Relating the speech-derived frequency-following response to speech intelligibility in noise
The envelope following response (EFR) is a brainstem auditory evoked potential (AEP) to modulated sound and its strength was shown to relate to the individual ability to detect amplitude-modulation perceptually. Recent work from our research group has shown that the EFR to a modulated square-wave stimulus is sensitive to age-related temporal-envelope processing deficits associated with cochlear synaptopathy This raised our interest in using AEPs as an objective tool to detect problems in speech perception.
Here, we study whether the AEP extracted from a speech token can also predict individual speech recognition performance. Brainstem AEPs contains phase-locked information to the harmonics of the sound, including the fundamental frequency (F0) of the speaker. Because simulations using an auditory model of the auditory periphery suggest that phase-locking to F0 is reduced with cochlear synaptopathy, we hypothesized that the phase-locked brainstem response to the harmonic content of the presented speech token might relate to speech intelligibility. We further investigated whether adding stationary background noise would affect the relationship.
Speech AEPs were analyzed in a group of young normal hearing (yNH), elderly normal hearing (oNH) and elderly hearing-impaired (oHI) participants to 3000 iterations of the CV /da/ in quiet and in speech-weighted noise, spoken by a male speaker. A linear regression analysis was performed with the EFR (adding + and - polarities) and spectral FFR (subtracting + and - polarities) as predictor variables for the speech-reception threshold to broadband and filtered (<1.5 kHz; > 1.65 kHz) sentences from the German OLSA test.

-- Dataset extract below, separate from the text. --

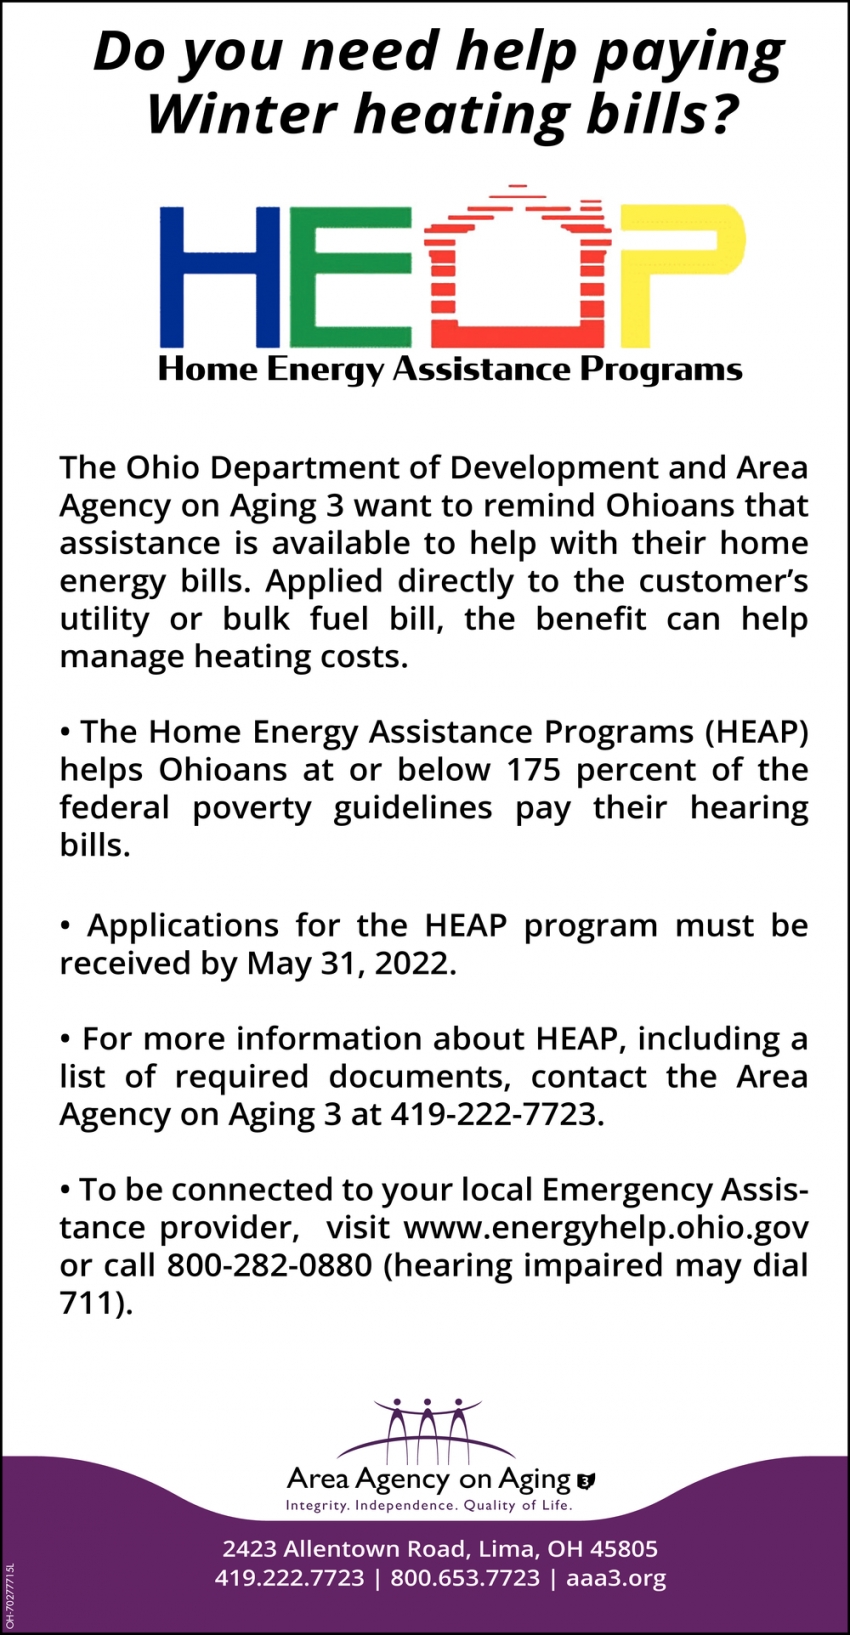 Home Energy Assistance Programs

Our results confirm that the amplitude of the speech-derived EFR matched the EFR to amplitude-modulated stimuli in the same listeners well. The EFR was strongest in the yNH group, followed by the oNH group and oHI group. The group ranking of the EFR explained group differences in the speech-reception threshold for high-pass filtered speech (> 1.65 kHz) in noise. Significant within group correlations were found using either the EFR or spectral FFR to predict speech performance. However, no major differences were found between the responses recorded in the quiet and noise condition. Our results suggest that the brainstem AEP to a short CV can to some extent inform about the speech reception threshold.